### Material provided
-- -- --

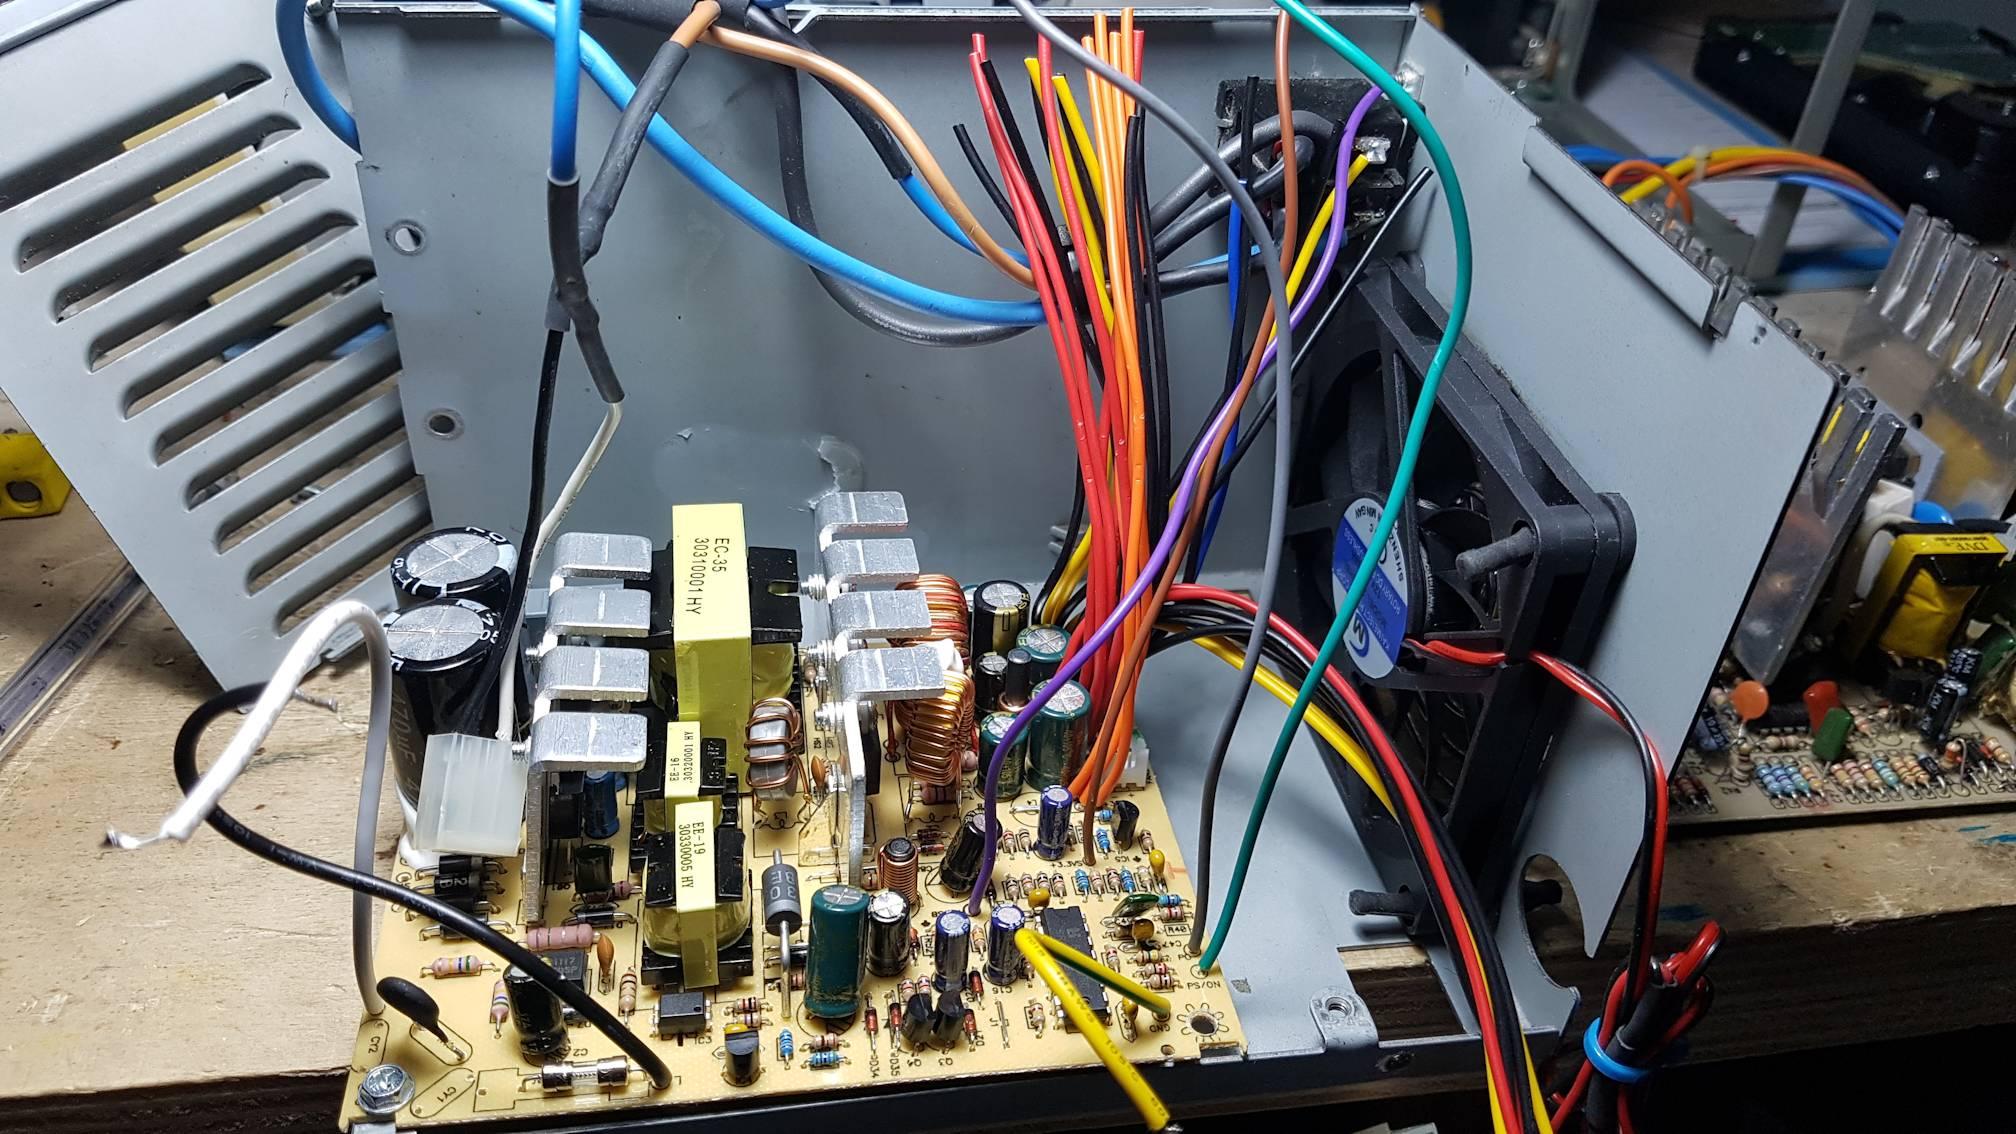 Posizionamento della nuova elettronica ATX
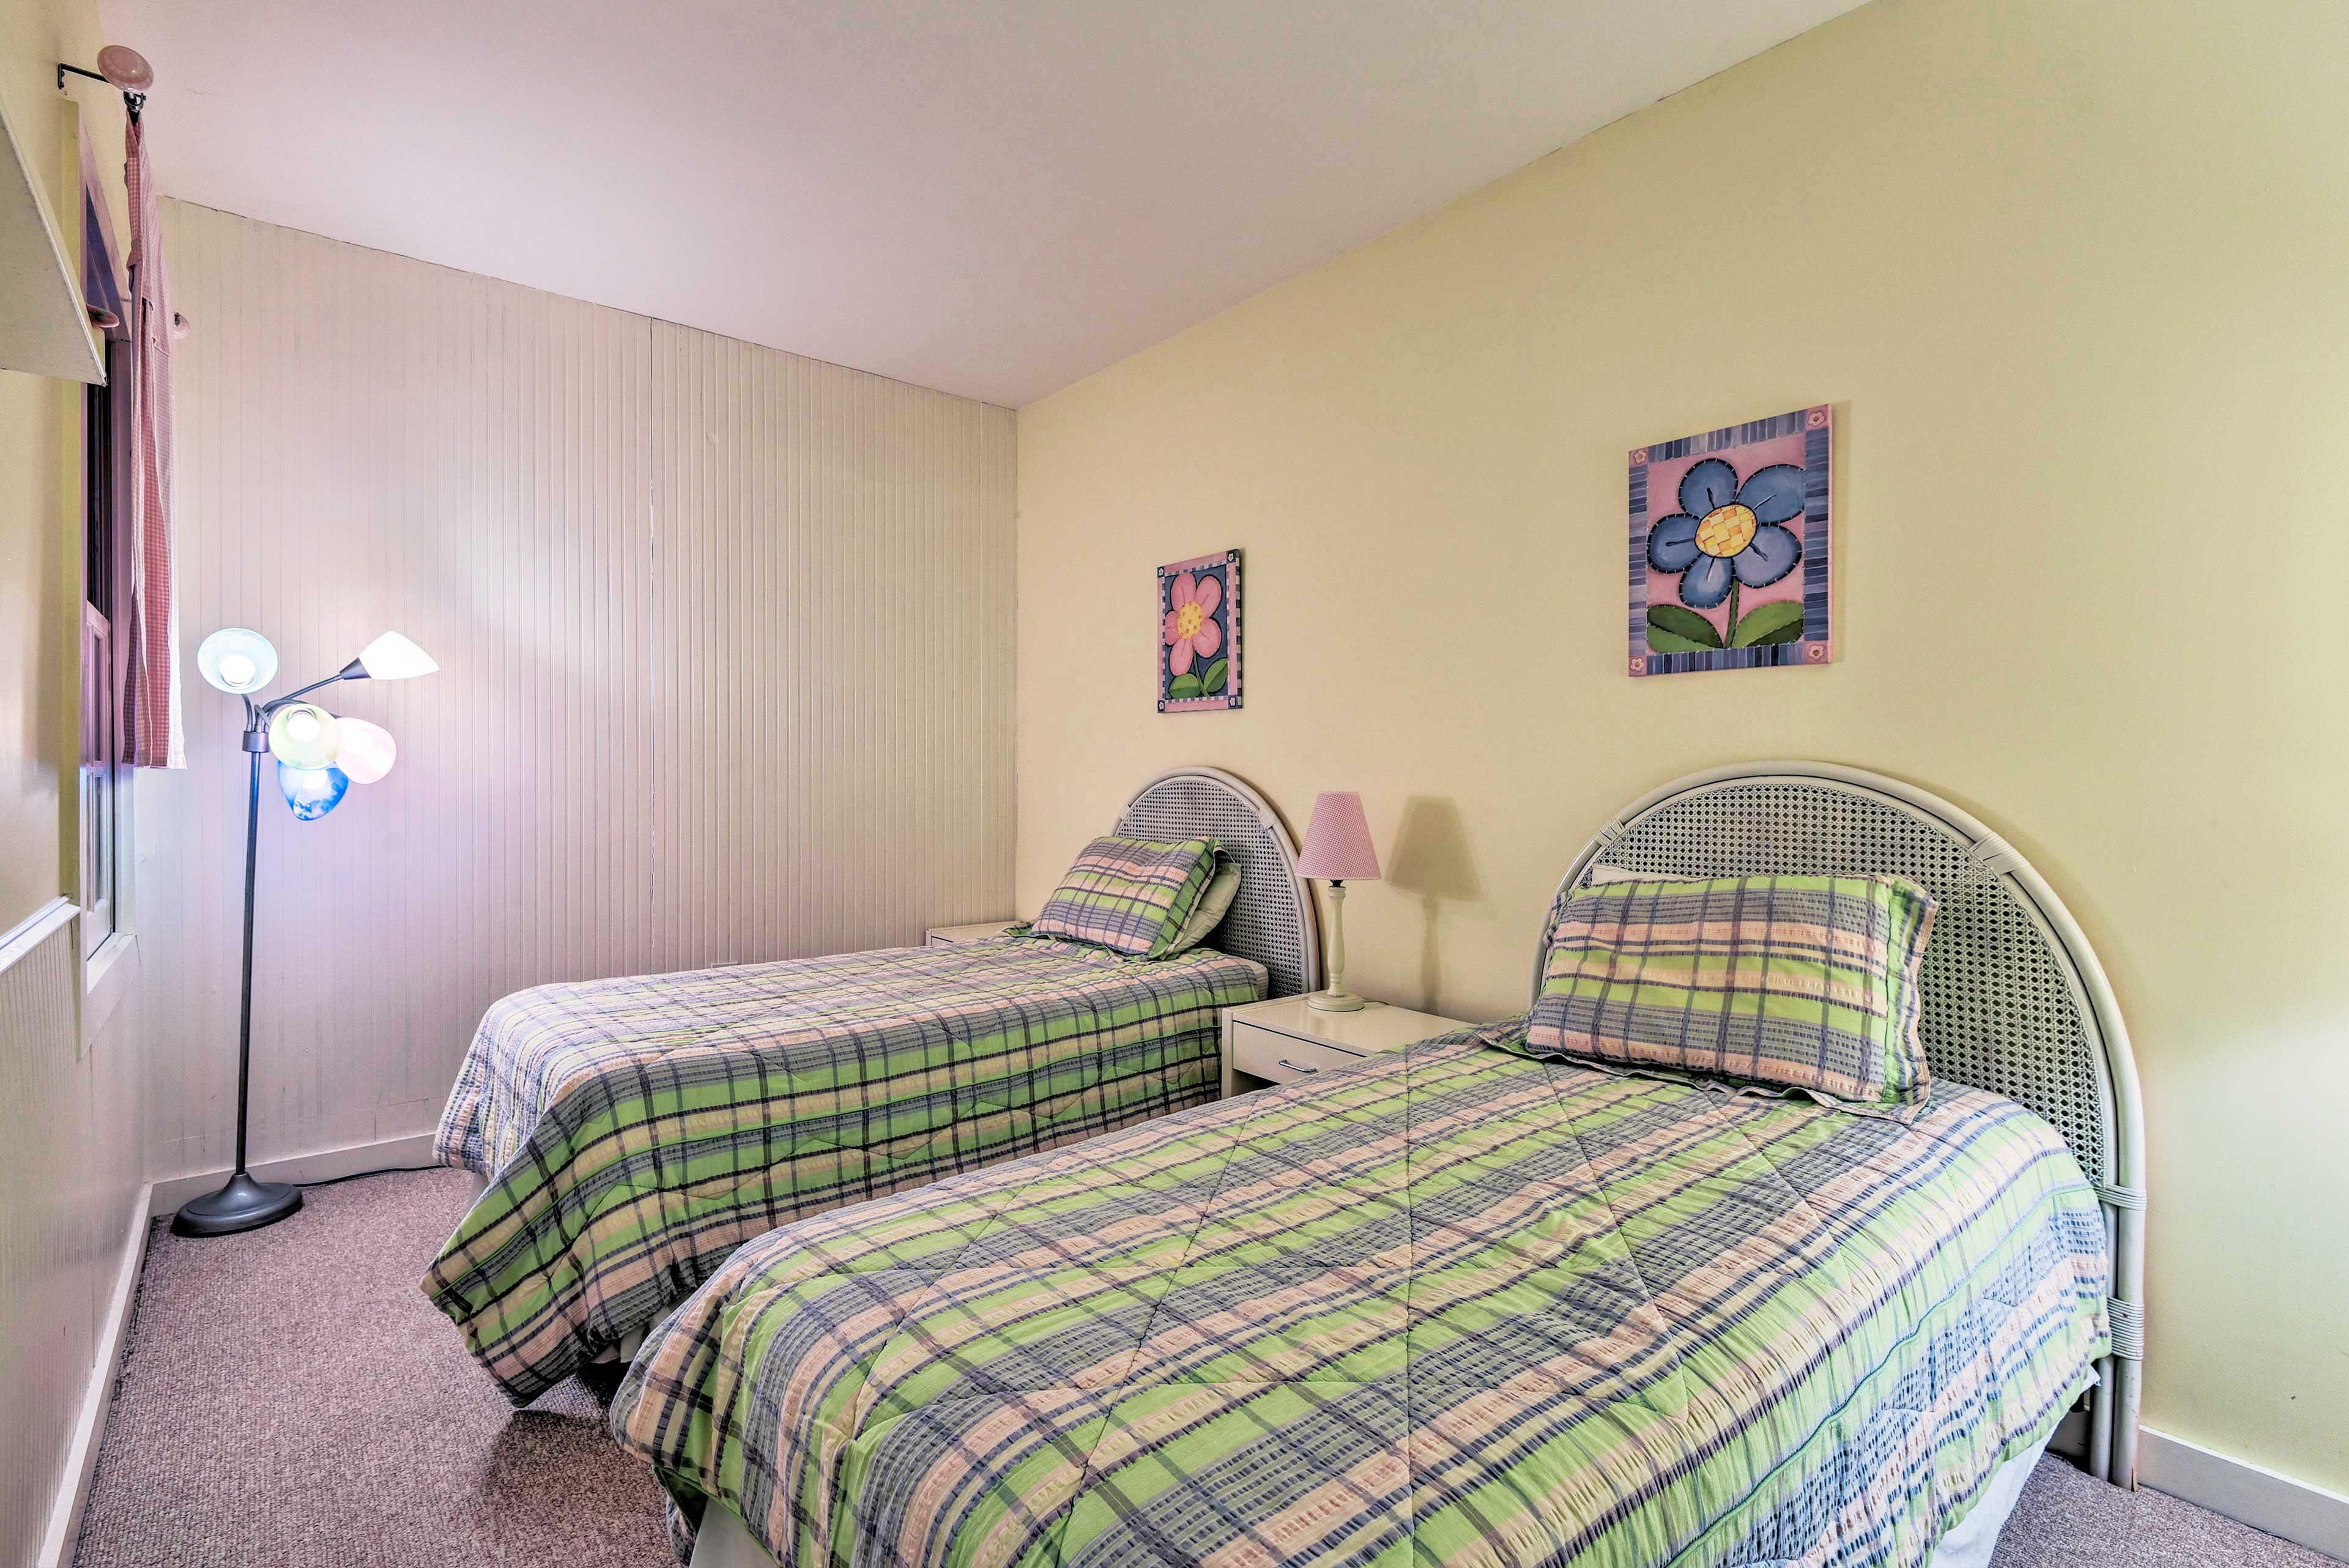 Find sleeping arrangements for 2 in the bonus room.
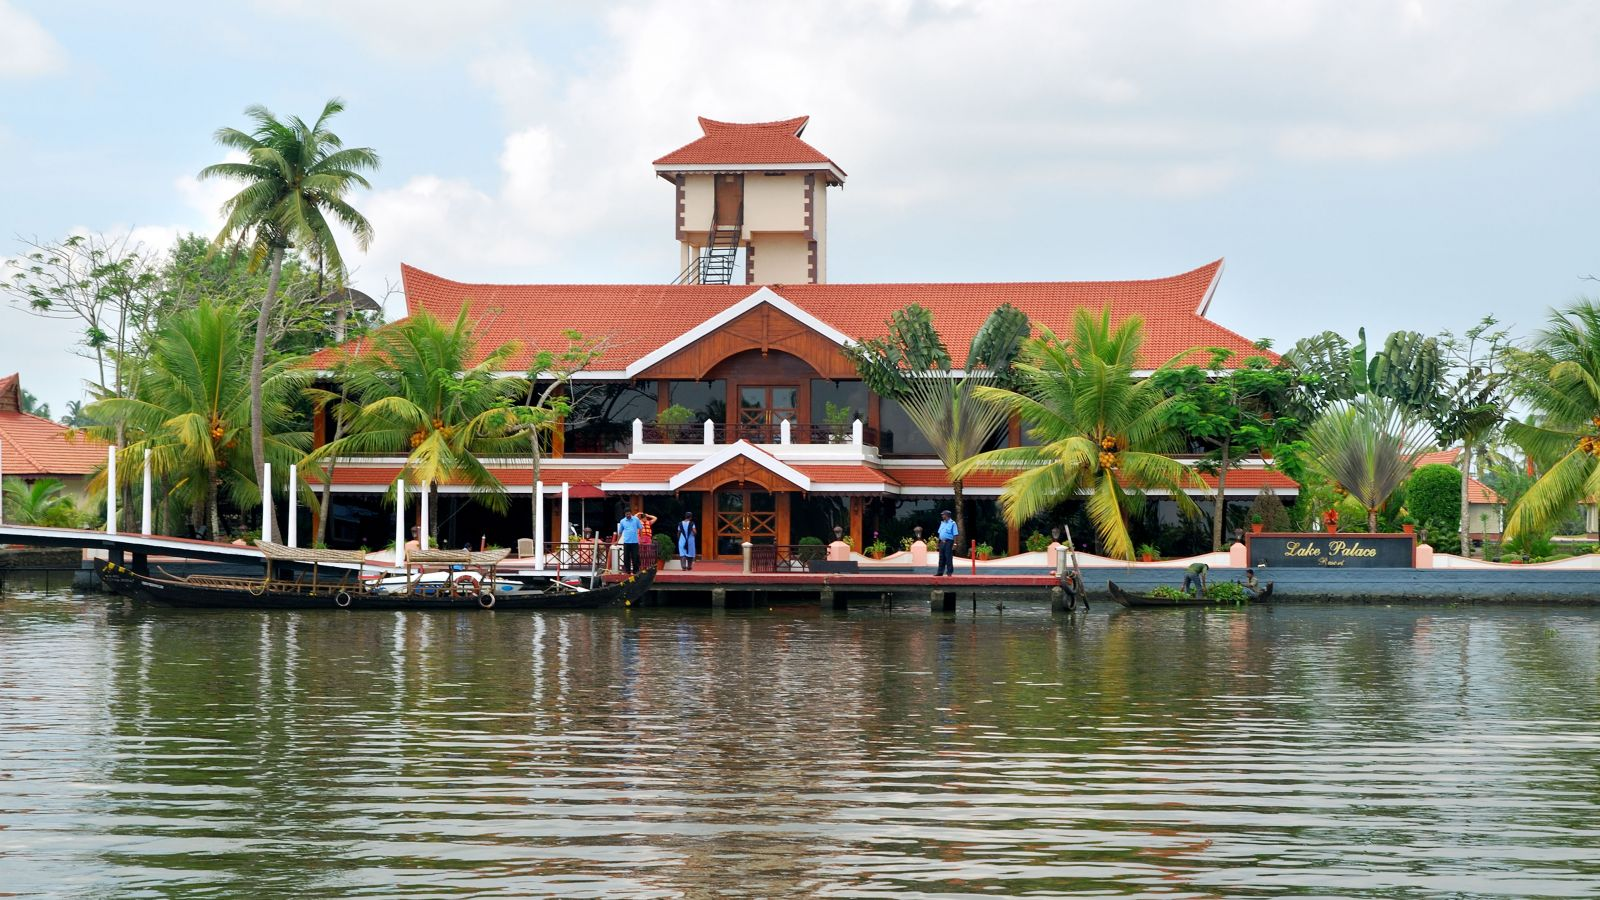 Lake Palace Hotel Kerala

-- -- --

### Your objective
The listing must be returned in full and exactly, apart from its pictures.

### Completed task
 Posizionamento della nuova elettronica ATX
 Find sleeping arrangements for 2 in the bonus room.
 Lake Palace Hotel Kerala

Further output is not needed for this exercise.